The Implications of Reg SCI for Non-SCI Entities
Late 2014 also saw the adoption of Regulation Systems Compliance and Integrity (Reg SCI), a regulation designed to require certain critically important firms to implement comprehensive policies and procedures for critical technology systems. While the regulation only covers a limited group of 44 entities that are largely exchanges, certain ATS’s and clearing firms, the SEC noted in its release that it might consider broadening the scope of the regulation to other categories of market participants such as “non-ATS broker dealers, security-based swap dealers, investment advisers, investment companies, transfer agents and other key market participants.” As a practical matter, I don’t foresee Reg SCI ever becoming an issue for most broker dealers, investment advisers or investment companies. With that said, however, the SEC is clearly signaling that broader regulation of the technology of regulated financial entities is a real possibility. In addition, the SEC is currently advancing measures that would require publicly owned companies to disclose more information about their cybersecurity vulnerabilities and, at the very least, I believe we can anticipate that the SEC and/or FINRA will eventually require greater disclosure from regulated financial entities respecting their cybersecurity vulnerabilities.
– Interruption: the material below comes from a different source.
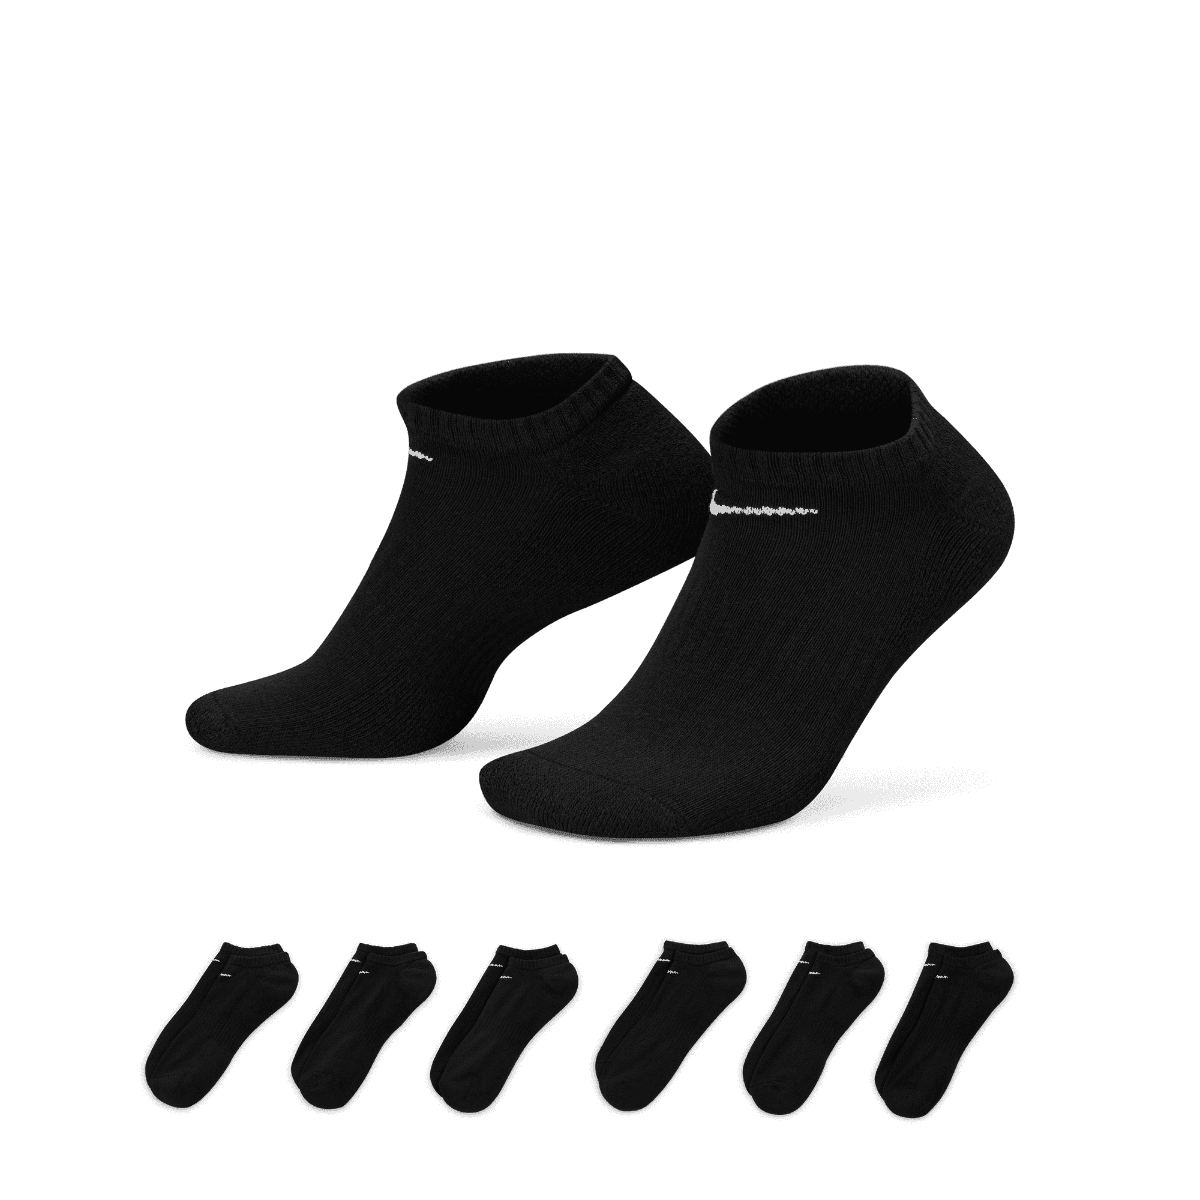 Nike Men's Cotton No Show 6 Pack Socks Black Size Large - Walmart.com

While larger firms have already implemented information security programs, many small and mid-size shops are neither sufficiently prepared for a cybersecurity breach nor the questions that the examiners will be asking them in the months and years to come. With the regulators being so explicit about their intent to scrutinize this area, compliance and legal professionals in all firms should recognize that they can no longer wait on specific legislation to compel their response. Their firms will have to answer to the regulators, whether as part of their examination process or a known breach, respecting their information security programs.